Current research on diagnostic metastasis models, especially those that include imaging, is very limited. Lin et al. established a nomogram (which included the primary site, histology, chemotherapy, radiotherapy and second malignant neoplasms) that could appropriately predict distant metastases, which had AUC values of 0.872 and 0.824 in the training and validation groups, respectively (41). In our study, by combining 123-MIBG positivity, MYCN gene amplification, chromosome 11q23 aberration, the receipt of radiotherapy by the patient, and BM-MRD positivity based on the PHOX2B gene, higher diagnostic efficacy was achieved (AUC: 0.907). When it is impossible to determine whether a child has metastasis, the above parameters can be combined to comprehensively evaluate and finally obtain a reliable result.

The MYCN gene has been extensively studied in NB, and the overexpression of MYCN is associated with a poor prognosis, an advanced disease stage, rapid tumor growth, and metastasis (42). Zhang et al. concluded that the MYCN oncogene plays a vital role in promoting metastasis, which is consistent with our findings (43). Further, 11q status is an important factor in the INRG classification system (2,44).
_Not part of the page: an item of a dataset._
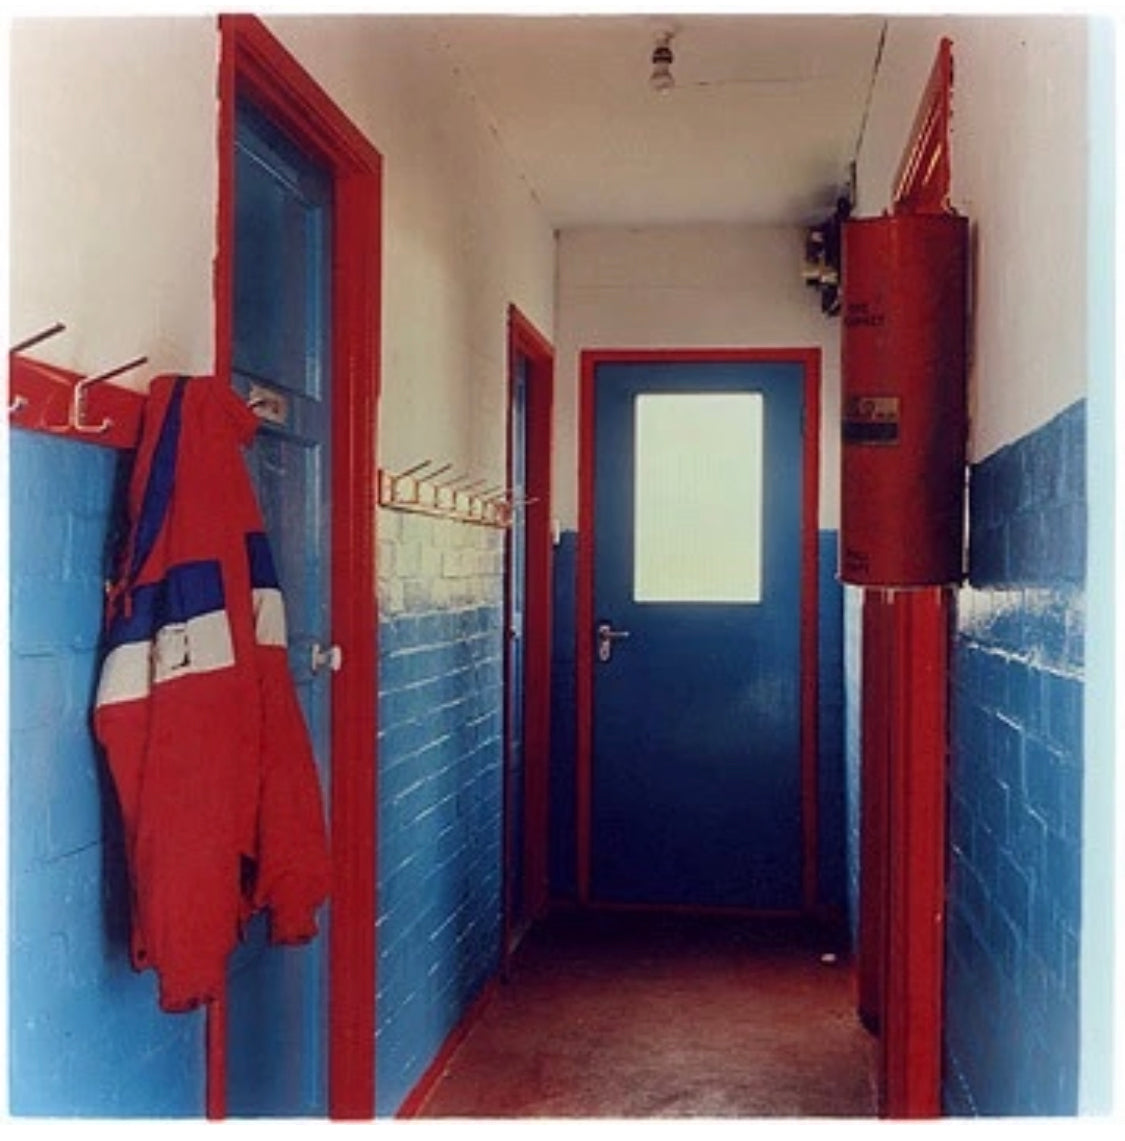 A jacket hangs from a row of coat pegs in a hallway painted blue, red and white.

Spitz et al. and Attiyeh et al. both found that aberrations in chromosome 11q were associated with a poorer prognosis and enabled the identification of patients at an increased risk of worse overall survival and metastatic relapse (6,45). As metastasis has worse clinicopathological features, aggressive treatment is recommended for children with high-risk NB and distant metastasis (46). Previous research has shown that in comparison to those who did not receive radiotherapy, metastatic NB patients who underwent radiotherapy had improved overall survival (47-49). The feasibility of administering radiotherapy to metastatic sites has been observed in stage 4 or high-risk NB, which might explain the role of radiotherapy in our findings.

The present study had some limitations. First, it was a retrospective study with a limited sample size. Second, the study was exclusively conducted at a single center. Third, this study involved patients for whom various INRG classification systems had been used. Consequently, diverse treatment regimens were applied, and the timing of imaging relative to treatment varied, which might have influenced the study outcomes. Finally, a selection bias might have been introduced because of missing data in the sample, and a validation group was lacking. Thus, prospective, multicenter, and large-scale studies need to be conducted to further validate our findings.

Conclusions

The use of ¹²³I-MIBG scintigraphy shows significant value in the assessment of NB metastasis. By incorporating a multi-parameter diagnostic model that integrates MYCN gene amplification status, chromosome 11q23 aberration, radiotherapy, and BM-MRD based on PHOX2B gene, the diagnostic efficacy for NB patients with or without metastasis can be further enhanced.

Acknowledgments

None.

Footnote

Reporting Checklist: The authors have completed the STARD reporting checklist. Available at https://qims.amegroups.com/article/view/10.21037/qims-24-1201/rc

Funding: This work was supported by the National Natural Science Foundation of China (No. 82102088 to W.W.) and the National Natural Science Foundation of China (No. 82272034 to J.Y.).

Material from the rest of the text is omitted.